◆ Work to be completed:
The output is the lines below from the one with "Microphone close-up in studio" through the one with "sx sx brief", both included, printed exactly and with no other line.

··· Available records ···

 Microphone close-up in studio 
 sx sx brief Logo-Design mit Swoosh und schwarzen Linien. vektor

···
··· Available records ···

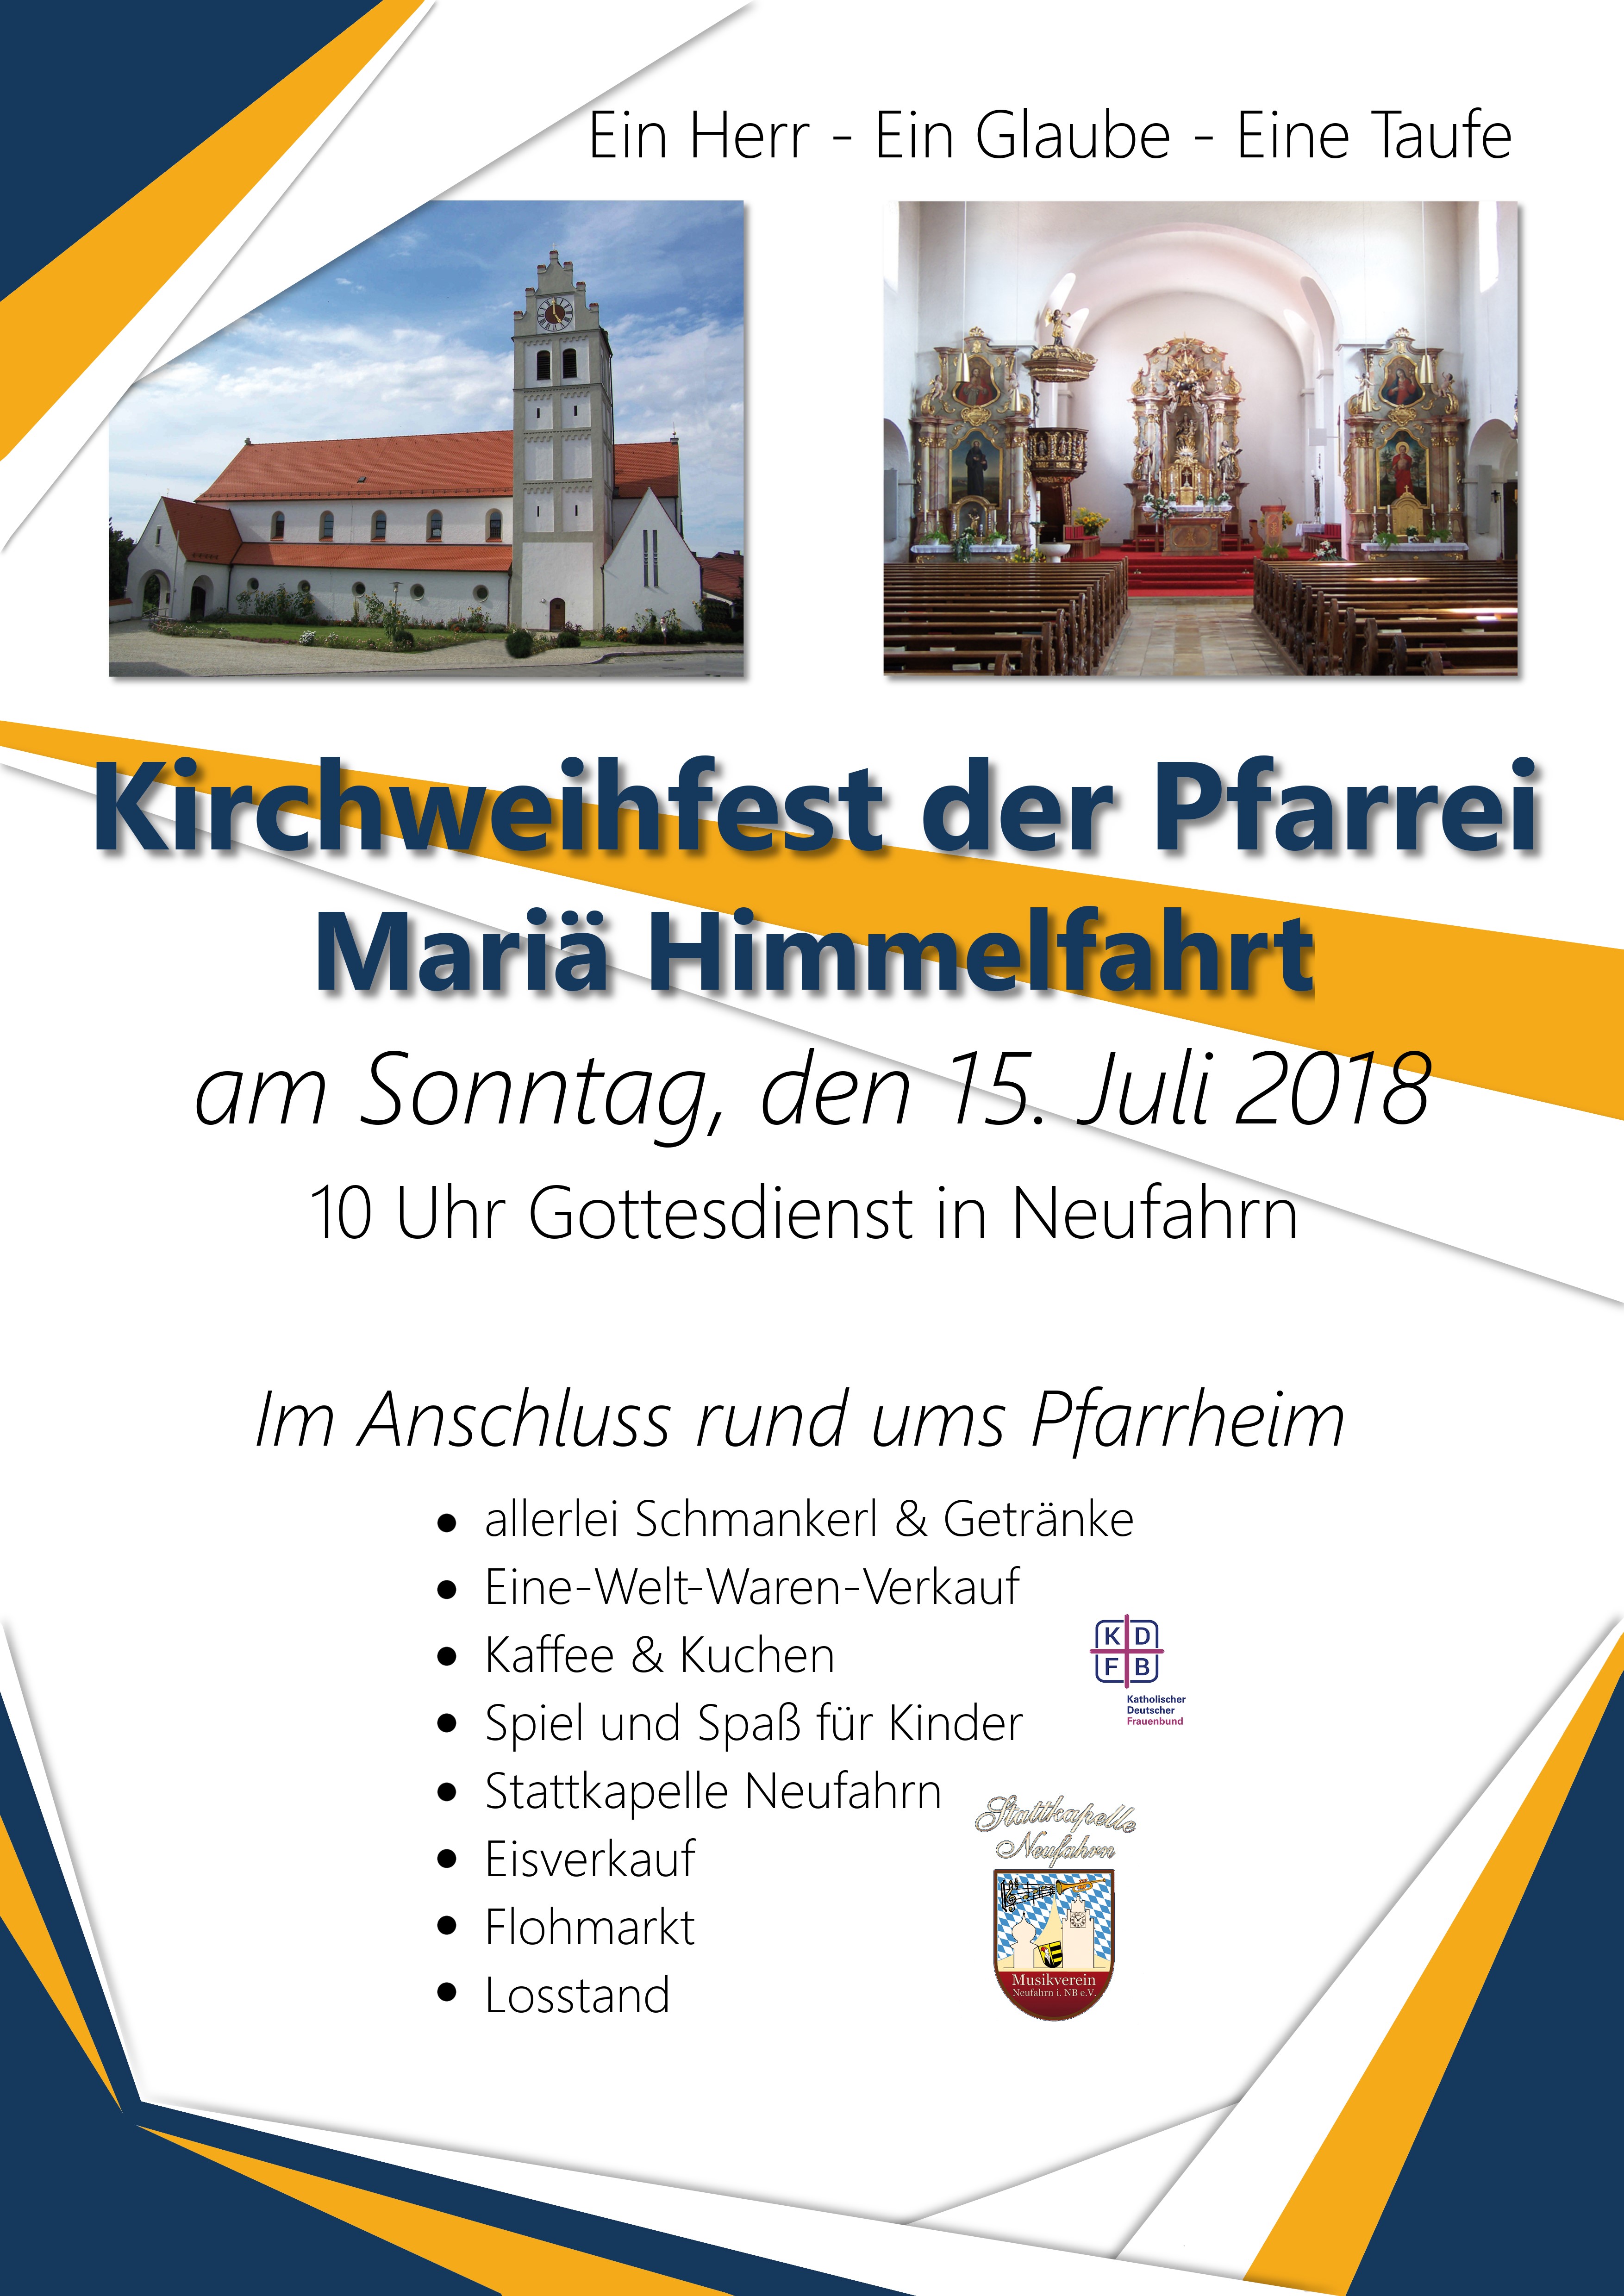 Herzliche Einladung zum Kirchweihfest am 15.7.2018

···

◆ Written solution:
 Microphone close-up in studio 
 sx sx brief Logo-Design mit Swoosh und schwarzen Linien. vektor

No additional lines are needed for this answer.